The ASX-listed company would undertake a one-for-one entitlement offer, priced at 0.5c, to raise the capital. For every one new share subscribed, Sundance would also issue one free new option, which would be exercisable at 0.6c each, on or before the end of August 2017.
The company pointed out that the entitlement offer price represented a 29% discount to the closing price on January 29, and a 17% discount to the theoretical ex-rights price of 0.6c a share.
A maximum of about 3.3-million new shares and 3.3-million new options would be issued under the offer, which has been partially underwritten by Pattersons Securities for an amount of A$13.25-million.
The funds raised would be used to maintain relationships with the governments of Cameroon and the Republic of Congo (RoC), where Sundance was developing its flagship Mbalam-Nabeba iron-ore project.
Sundance CEO Giulio Casello said that the funding would also assist the government of Cameroon to progress the signing of an engineering, procurement and construction (EPC) contract for the construction of the port and rail infrastructure for the Mbalam-Nabeba project, after the signing of the EPC contract was postponed in January, as market conditions deteriorated.

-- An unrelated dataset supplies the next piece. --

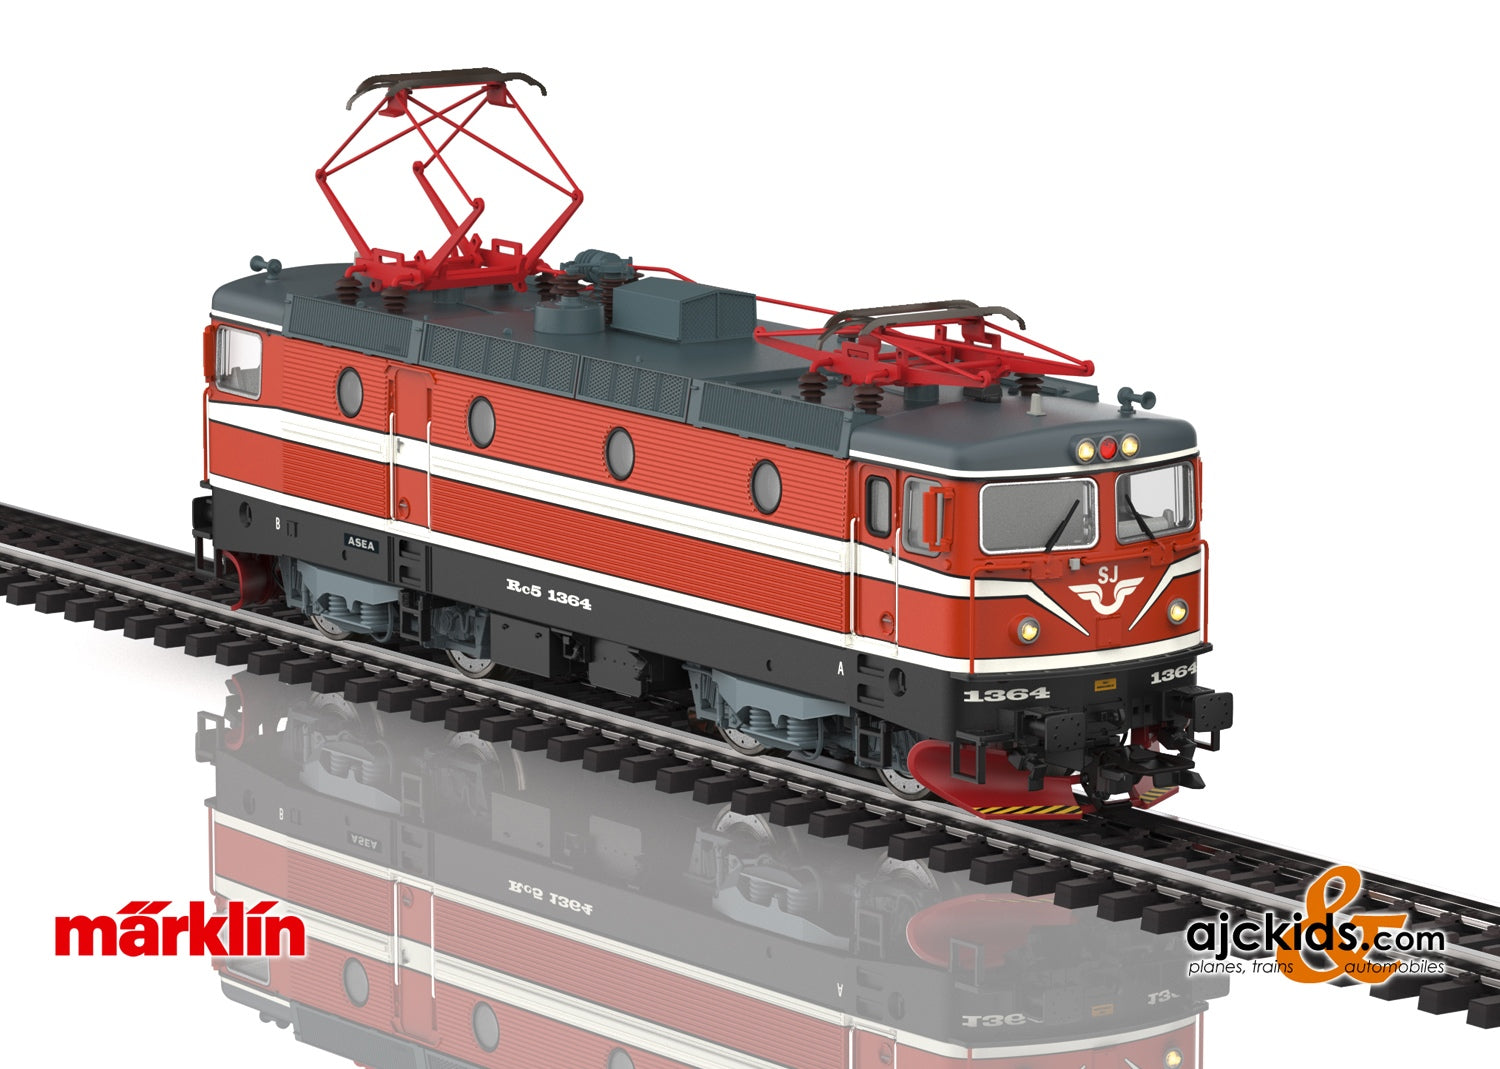 Marklin 39281 - Class Rc 5 Electric Locomotive  at Ajckids.com

Sundance would also continue the process of negotiating and then agreeing to the terms of an equity investment in the mine infrastructure.
Furthermore, funds from the entitlement issue would be used to pay David Porter A$500 000 in cash and a portion of the proceeds received from the entitlement offer, in accordance with a settlement reached between the parties in January this year.
The Supreme Court of Western Australia in December ordered Sundance to pay damages of more than A$5-million to Porter in lieu of the grant of 10-million options. Porter and Absolute Analogue also in 2013 launched a separate case against Sundance, in relation to the issue of 30-million shares, which had now been settled for a total amount of A$11.5-million.
“The company’s circumstances have been impacted significantly by the EPC contract postponement and the Porter litigation. However, we are pleased that we have been able to develop a plant that, with the support of our shareholders, noteholders and Mr Porter, will allow the company to continue to operate and ultimately realise the potential of our project for all our stakeholders here and in Cameroon and Congo,” Casello said.
Due to the delay in the EPC contract, Sundance had announced a number of cost reduction measures, which included the reduction in the remuneration and the size of the board, as well as a significant scale-back of employees, overheads and activities in Perth, Cameroon and the RoC.
The company was targeting an 80% reduction in its previously planned spend.